We both agree that Kepler was trying to fit curves. But that's not what Newton was trying to do. Newton was trying to explain. Newton's model did not fit the data better than Kepler's model until far after they both died.

Newton's model, to Newton had more loss than Kepler's model.

But it turned out 70 years later that Newton's model was better, because it's only then that there was any data for which it was a better prediction.

You're similarly wrong about Bohr. If all you were interested was to find the emission spectra of hydrogen, there's absolutely no reason you'd try to come up with the Bohr model. Why? Because Rydberg already made a formula that predicted the emission spectra of Hydrogen, 25 years earlier.

The entire point of Bohr's model and of Newton's model is that they weren't empirically better at predicting the phenomena. Indeed, simple curve fitting came up with equations that are far better in practice, earlier.

But they were better at explaining the phenomena.

And that only became relevant because after we had these models, we came up with new experiments, informed by these models, which helped us understand them and eventually push them behind the breaking point.

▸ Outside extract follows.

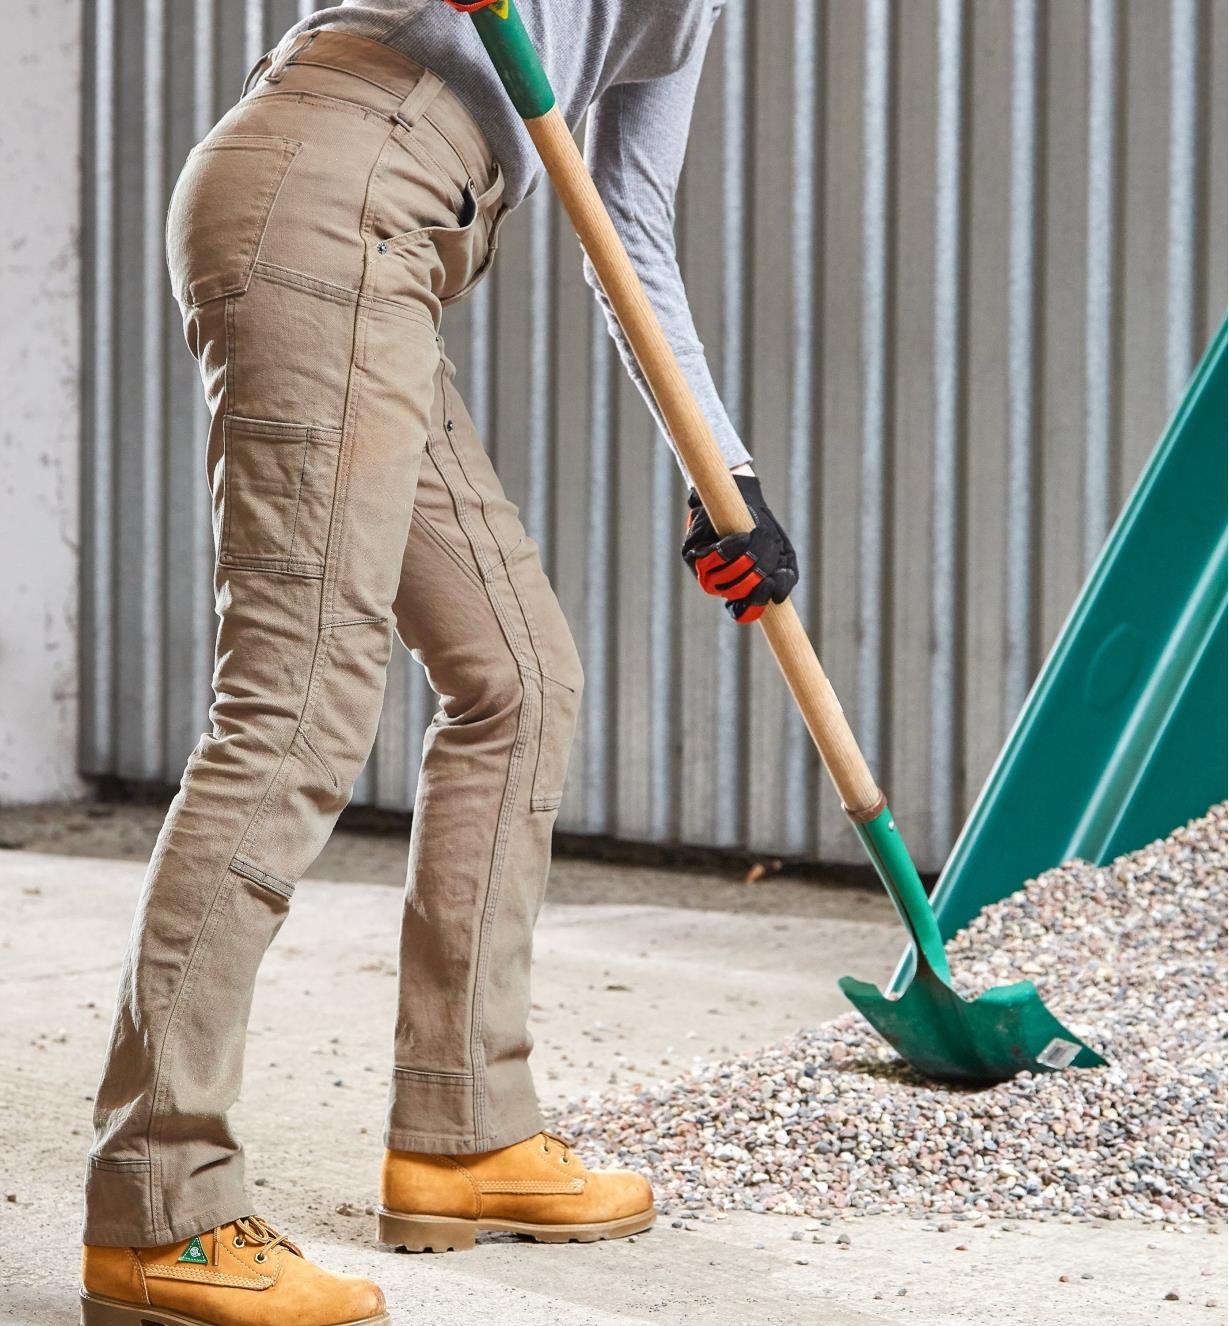 A woman wearing Dovetail pants shovels gravel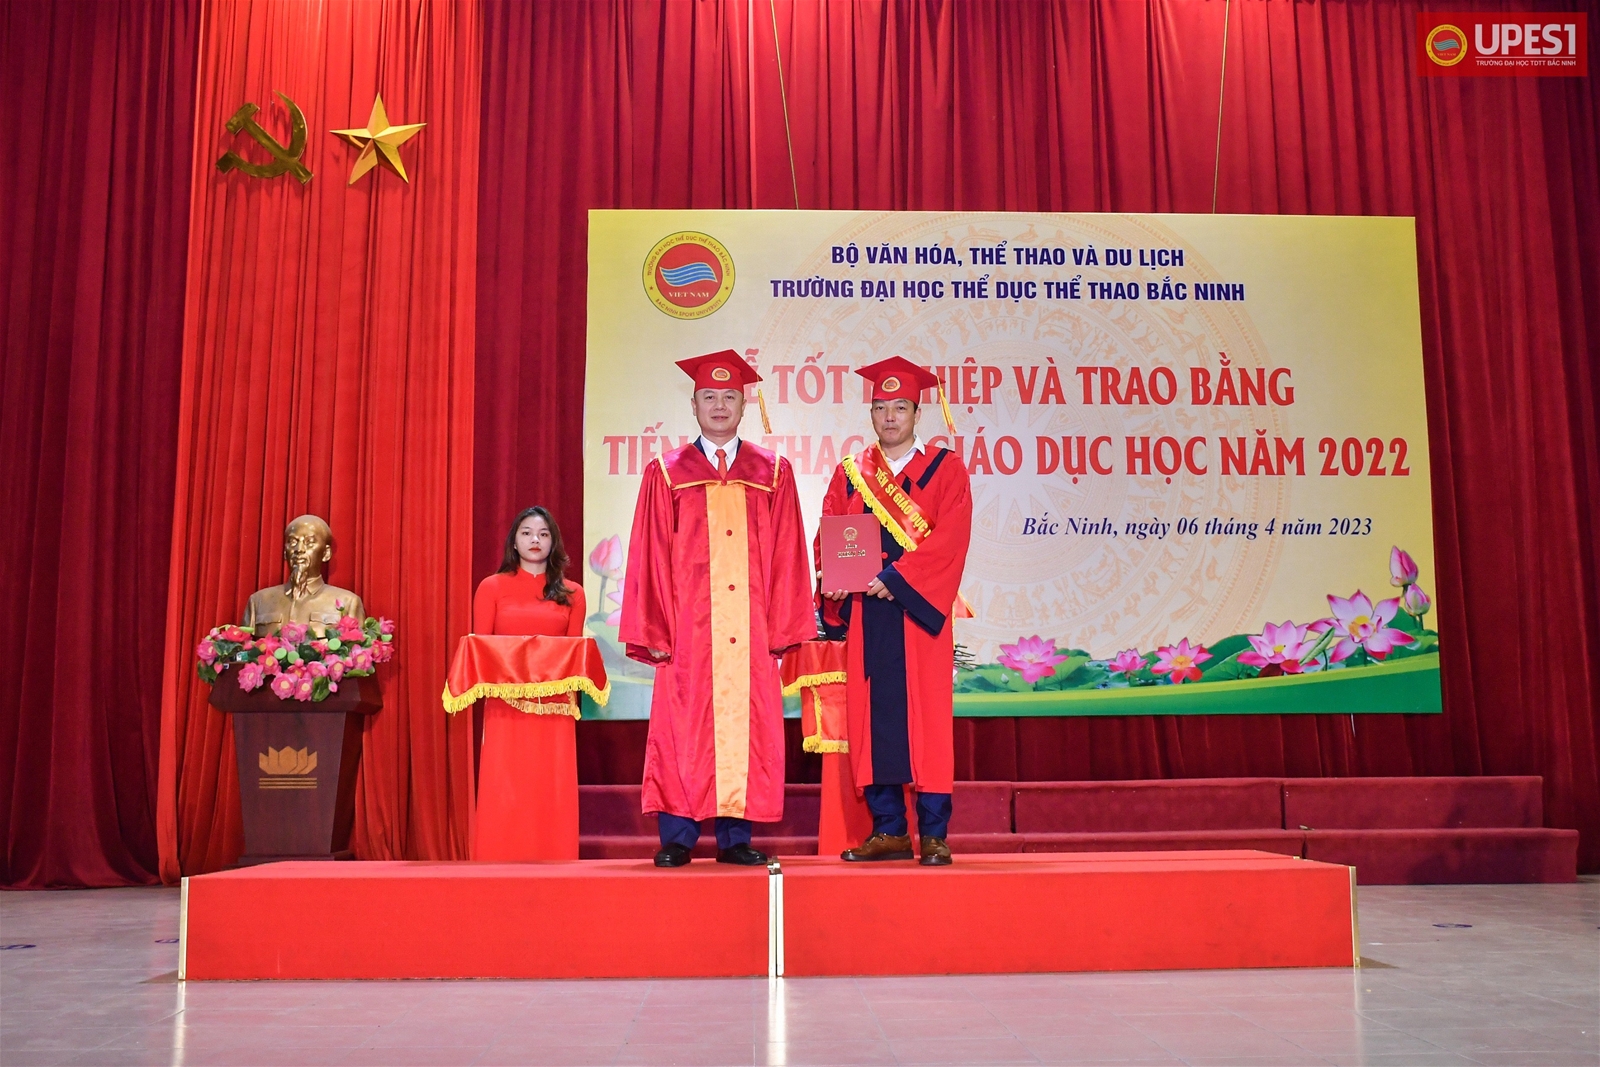 Lễ tốt nghiệp và trao bằng Tiến sĩ, Thạc sĩ giáo dục học năm 2022

It's not a curve fitting experiment. We already had better curve fitting models far before either of those was invented. If your goal was to reduce the loss, they'd be useless and there would be no point coming up with them.

That's the difference between the scientific method and mere regression.

> That's not how the scientific process works. You use your intuition to make a theory,

Go ahead and define what "intuition" is? Why do people have it? Why is some people's intuition better then others?

(Not the OP) We don't know ho;w the human mind works, or how "intuitions" or "inspiration" come about, but that's no reason to call them "metaphysics". Clearly, they are physical processes that somehow take place in the human brain.

The questions you ask in this comment are good questions, for which we have no good answers. That doesn't mean there's anything supernatural going on, or that anyone is assuming something supernatural is happening. We just don't know how human scientists come up with new hypotheses, that's all there is to it.

But it's not like there's some kind of principled way to do it. There's no formulae, no laws, where we can plug in some data and out pops a hypothesis ready for the testing. Maybe we will find how to define such laws or formulae at some point, but for now, all we got is some scientist waking up one day going "holy cow, that's it!". And then spending the next ten years trying to show that's what it really is.

To clarify, the OP is pointing out that it wasn't Newton's law of universal gravitation that defeated the epicyclical model of the cosmos.

It was Kepler's laws of planetary motion that did for epicycles; and that happened 70 ish years before Newton stated his laws of motion and pointed out that they basically subsume Kepler's laws of planetary motion.